Wednesday, June 3, 2009

The Key


The phone rang.

I didn't want to answer it. I'd just sat down for the evening and was absently releasing my mind to the pleasant oblivion of the evening. Before I could think, my body was up and moving against my will, and better judgment, toward the ringing like sailor to a siren song.

I answered. "Hello?"

On the other end was a voice I hadn't heard in nearly a decade.

"Your services are required," were the only words I heard before the subtle silence of the dead line.

I knew there would be no other instruction. I also knew now that my choices were limited. A moment ago, I had the world before me. Tomorrow I could choose to anything I wanted. Now my road of volition was narrowing before my eyes. A storm had come up quickly, interrupting the quiet end to my day, my solitude, my reflection.

"Your services are required."

The words slipped without effort into my subconscious, a key releasing the tumblers in my head into their perfectly engraved spaces, obediently responding to their master and setting into motion a chain of events that I momentarily pretended that I would be able to control. I felt myself struggling against what had just happened. It was not real. It's the wine playing with you. You've imagined it. You've concocted the scenario that you've always feared.

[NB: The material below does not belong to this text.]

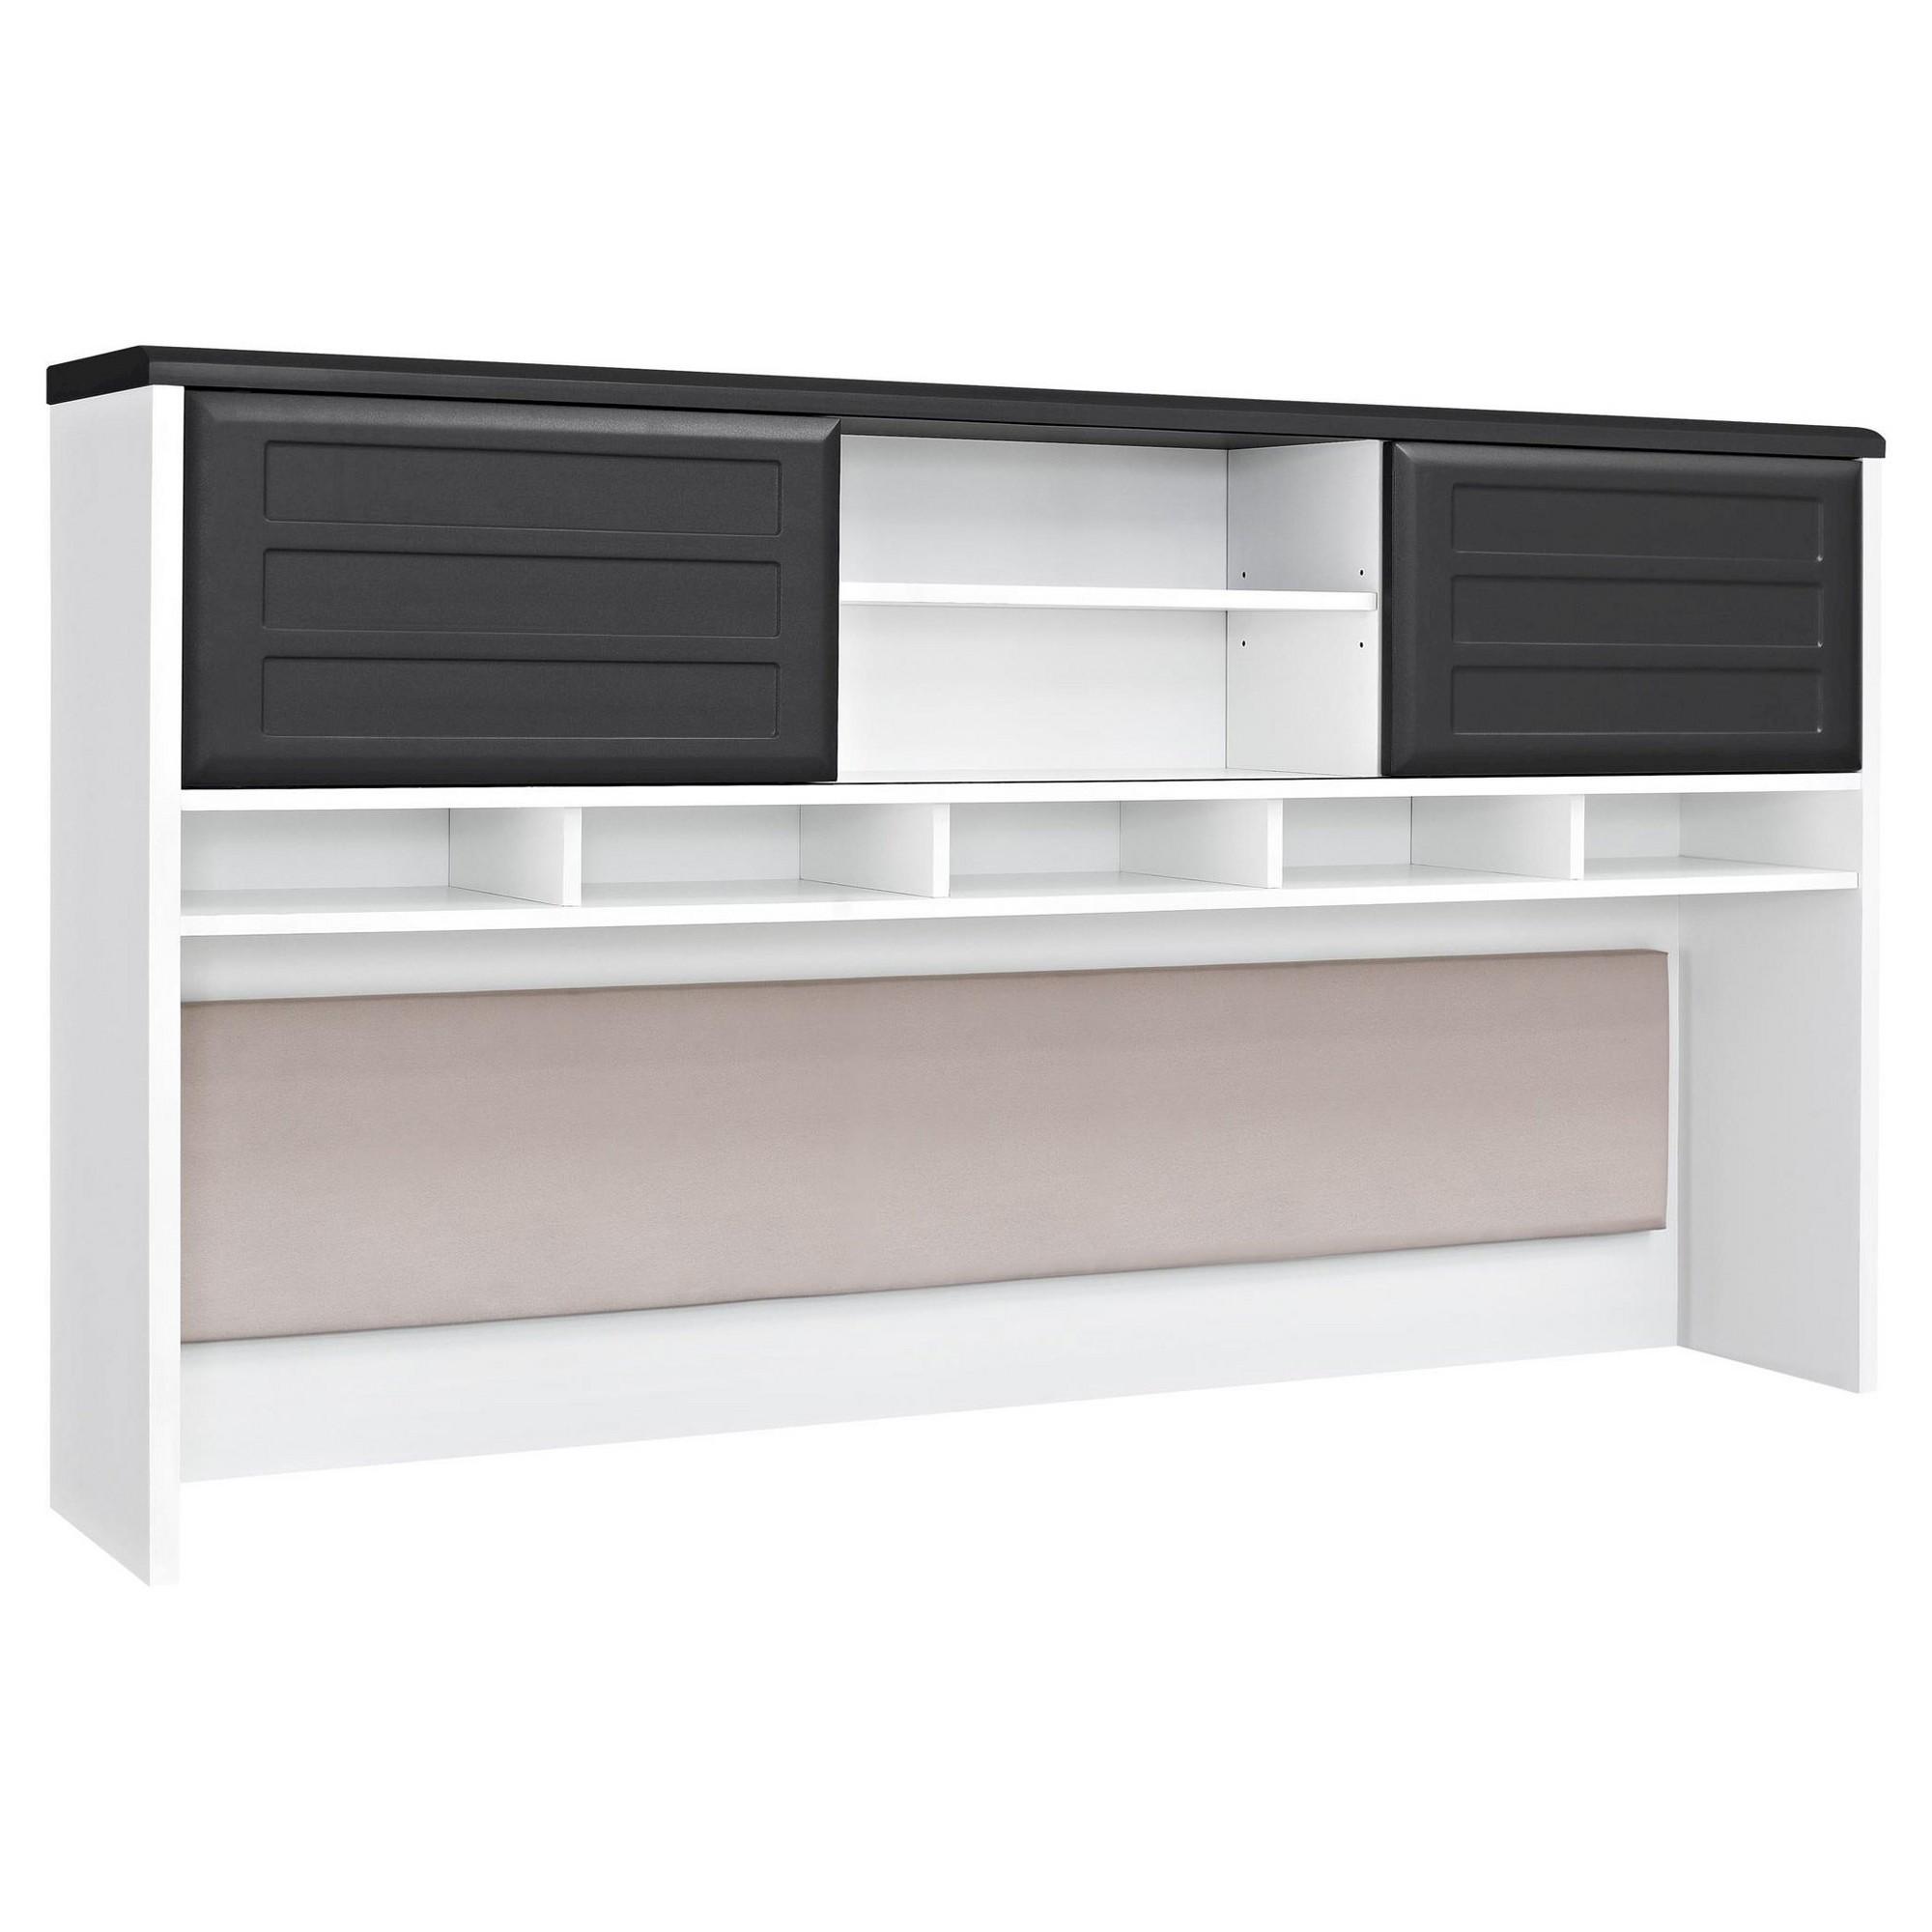 with stylish espresso bookshelves ameriwood amazon l desks industries shaped home desk instructions com in
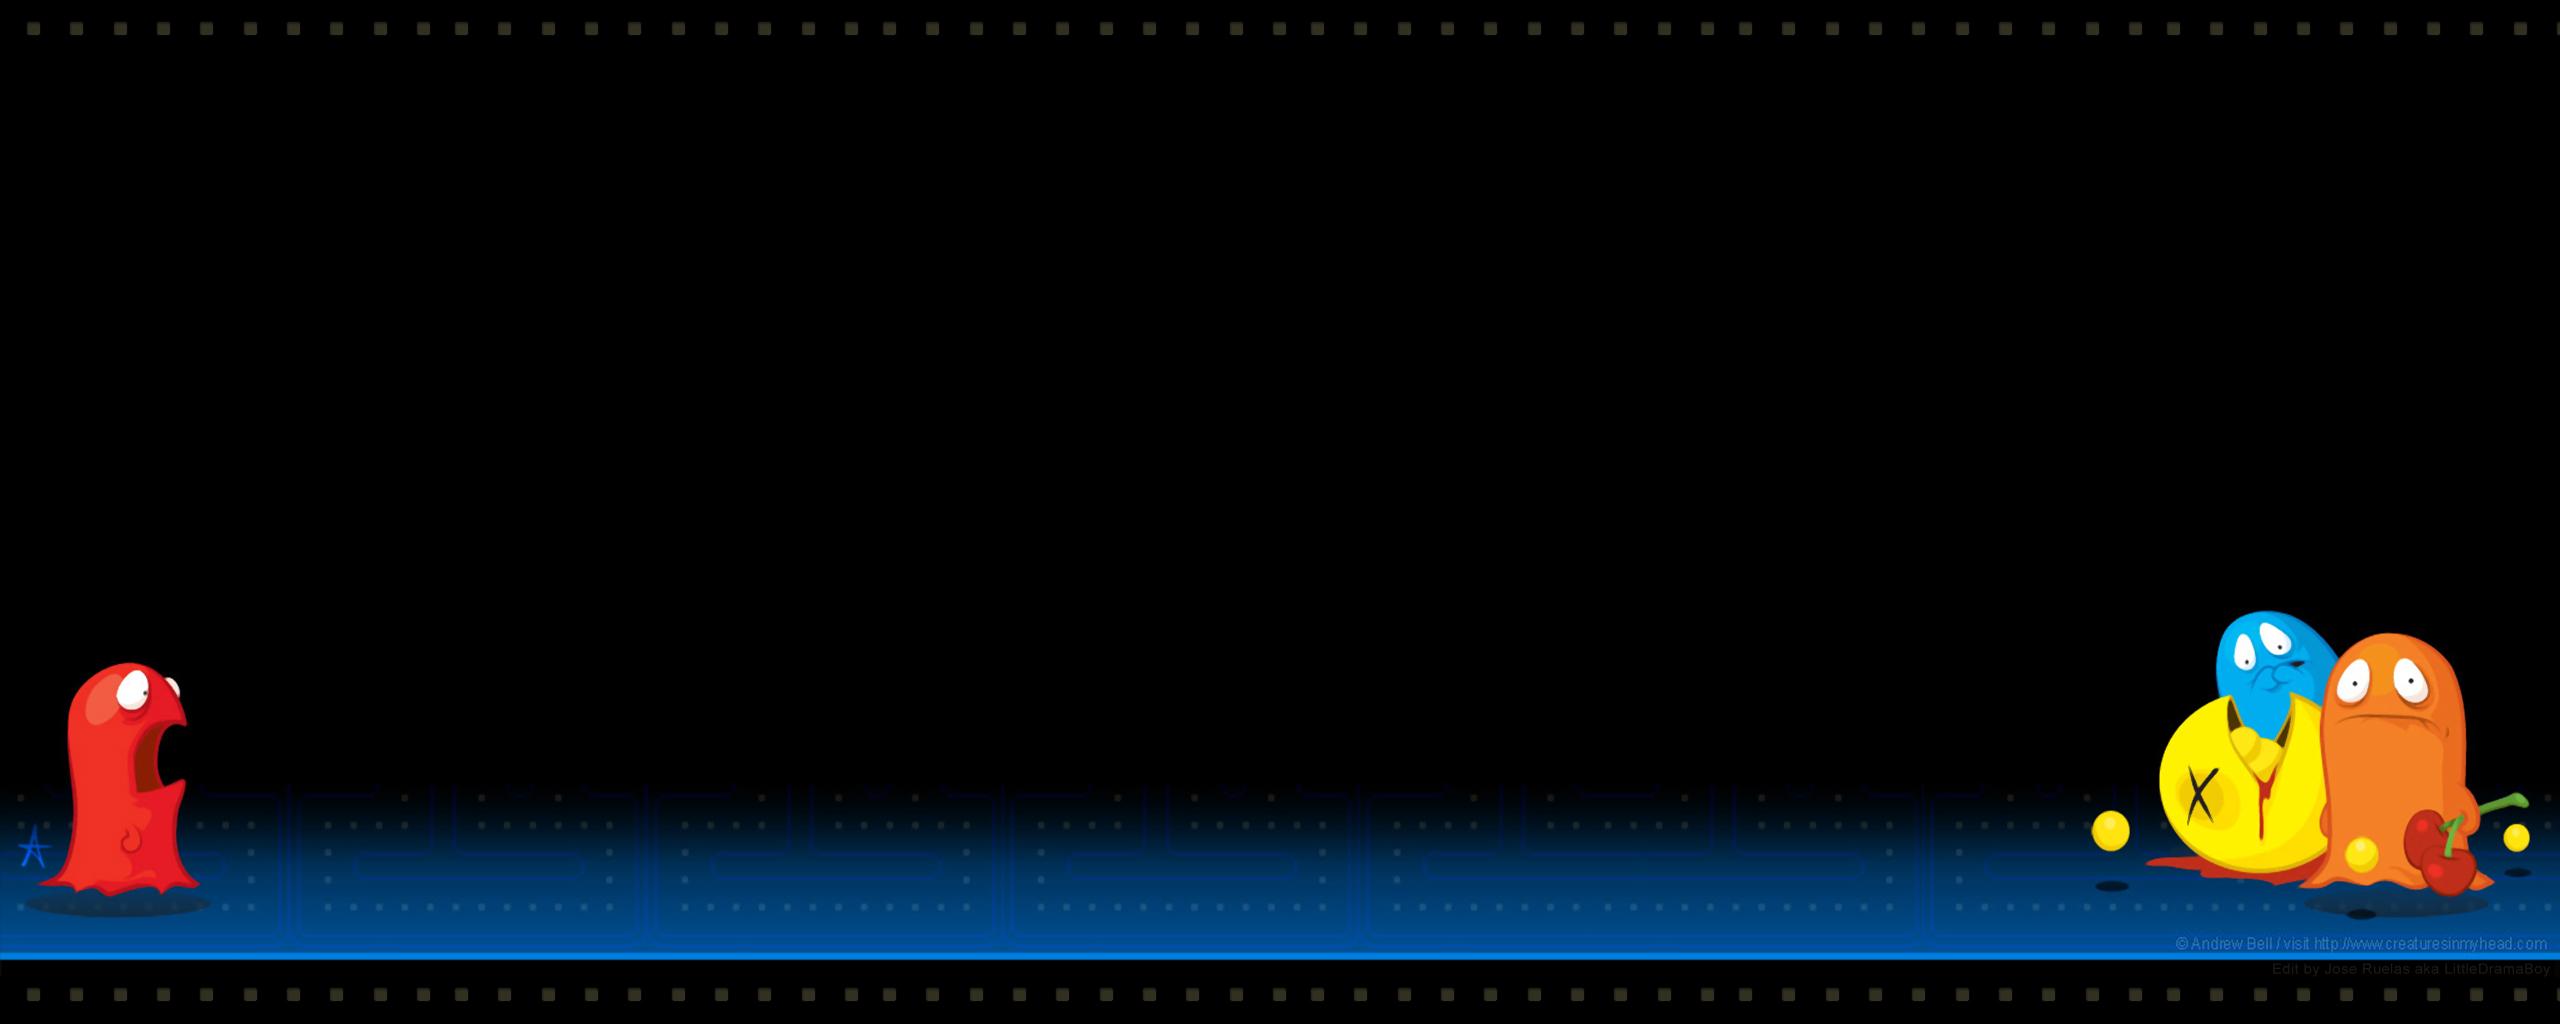 Multi Monitor Video Game Wallpaper 2560x1024 Multi Monitor Video Game 2560x1024

But really, I knew better. Denial was giving way to reality and I was beginning to formulate action. If only I hadn't picked up the phone. If only I'd been a bit more cautious, if only I had enough experience to know what I was getting into then...

The Man was dressed in light colored spring clothes. Short khaki's, deck shoes and a collared seersucker shirt that made him look like he was on holiday in the Bahamas. His face was all smile and sunglasses.

He matched my mood. I was king of the world then. A newly minted, self made, career man, I'd fallen into a bit of luck with a job that I hadn't deserved, but had deftly steered through the pitfalls and convinced everyone in that small office I could be trusted with big clients, in charge of people, in charge of money. I traveled to exotic places and struck deals that I'd imagined were reserved for sages of business seasoned by years as an underling. I went from penniless to powerful. And quickly. I was inflated with the air of success I could never have dreamed of. I could do anything.

He approached me and appealed to my youthful swagger. He'd heard about me. How? It didn't matter much to me, my name was being bandied about town and now I was in demand. He knew my background and convinced me that my flexibility and ability to adapt would be absolutely necessary in his new venture. The money wasn't great, but it would be a challenge. It would be elite. Not many had done this kind of work before.

I'd made myself once, I could do it again. I could do anything. I told myself these things and believed. I committed to the sunglasses and the smile. Perhaps because I wasn't sure if what I'd built could last, but I traded it all for something shiny, new and full of promise. The chance to prove myself again. But it had gone so unimaginably wrong. So, so wrong. Now it had begun again and I knew I was powerless to stop it.